# Problem to work on
For the data below, transcribe the part that opens with the line containing "Edwardian Mahogany Inlaid Work Box (1 of 1)" and closes with the line containing "Lalaloopsy Kitchen: How", exactly and with no pictures.

# Exercise materials
______

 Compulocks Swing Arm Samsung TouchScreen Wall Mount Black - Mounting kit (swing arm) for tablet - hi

______

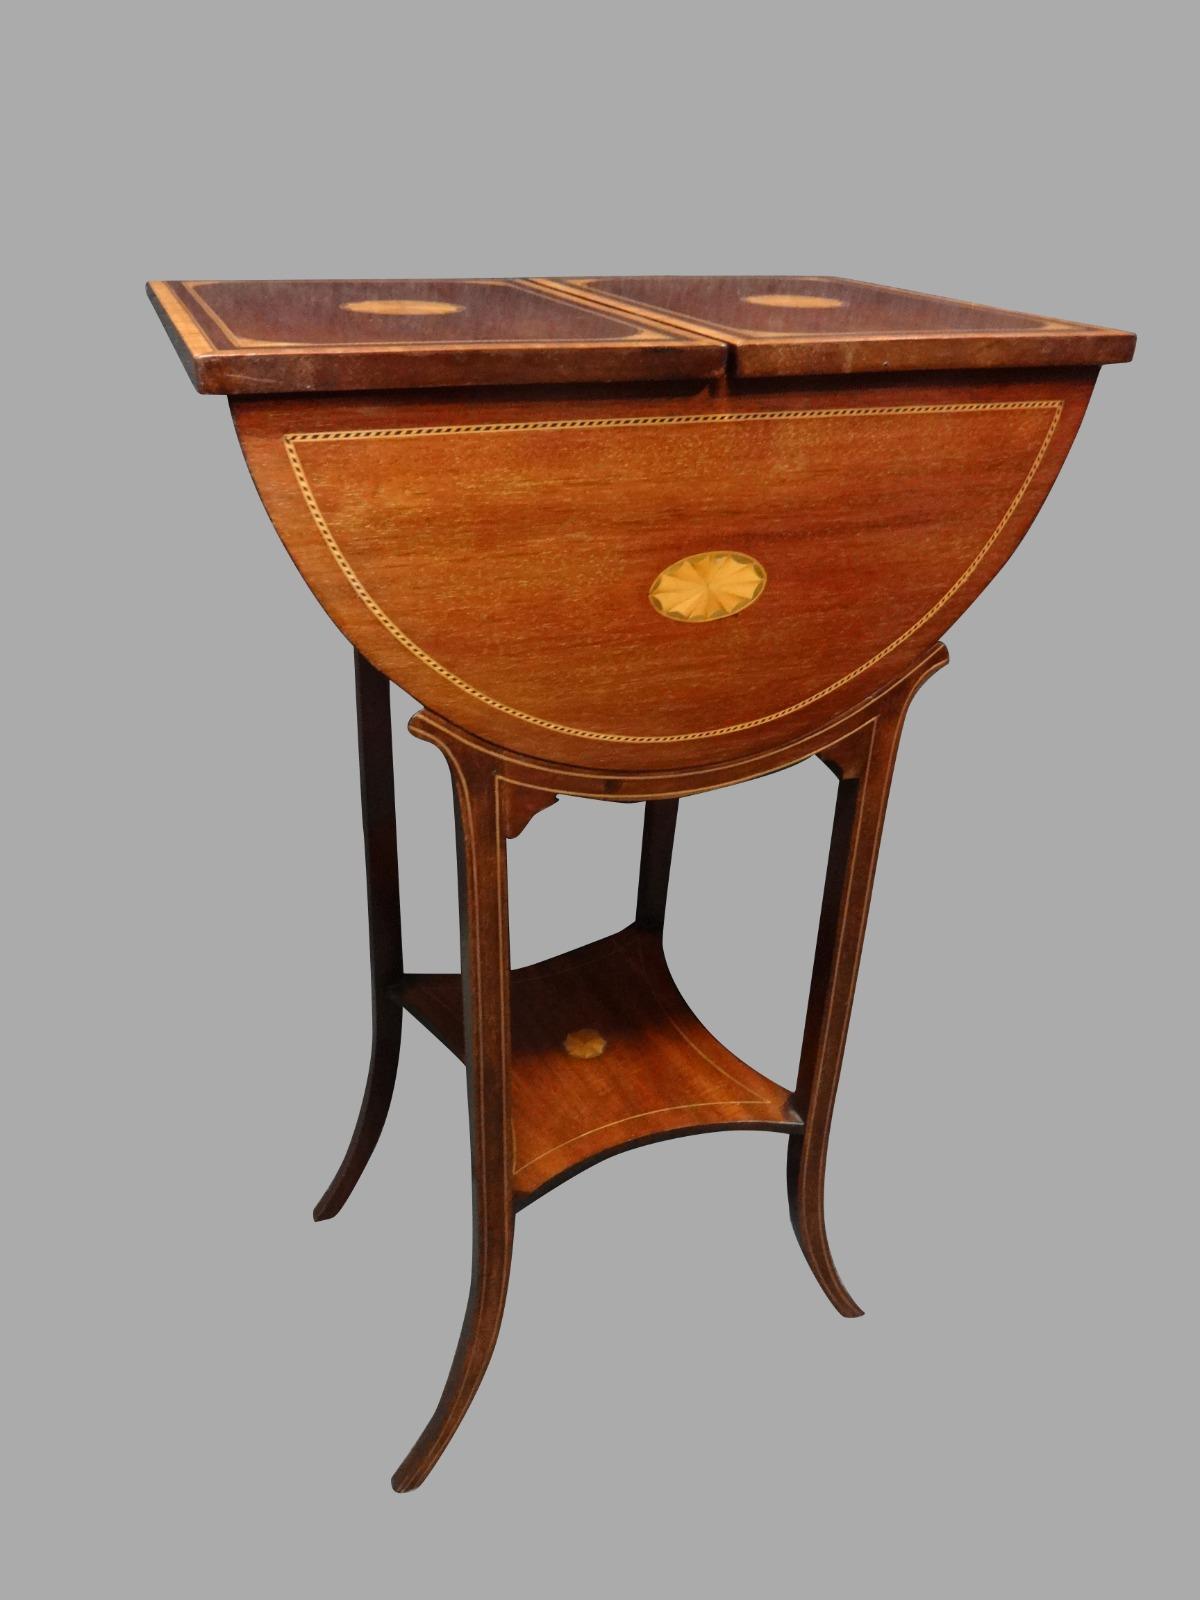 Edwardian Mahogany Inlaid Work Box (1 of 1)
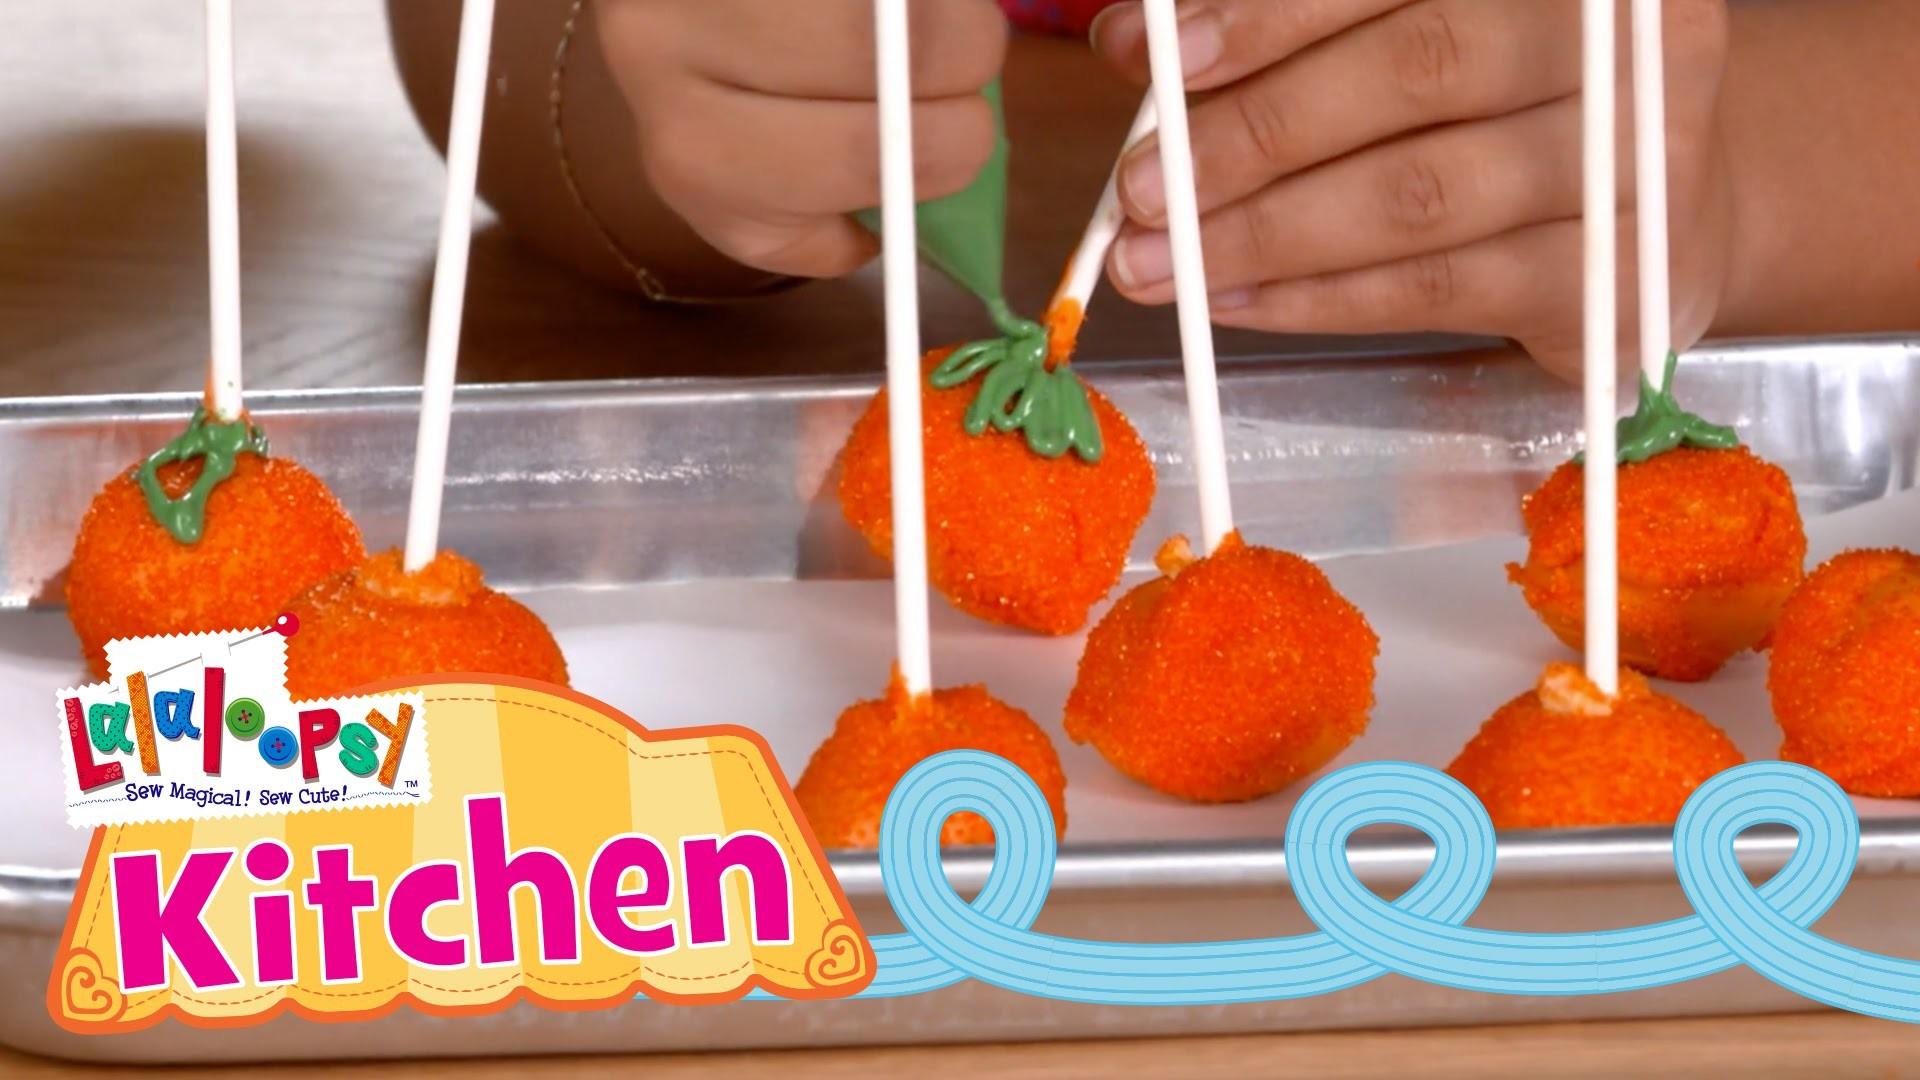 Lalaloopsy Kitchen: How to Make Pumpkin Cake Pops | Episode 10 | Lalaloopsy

______

# Written reply
 Edwardian Mahogany Inlaid Work Box (1 of 1)
 Lalaloopsy Kitchen: How to Make Pumpkin Cake Pops | Episode 10 | Lalaloopsy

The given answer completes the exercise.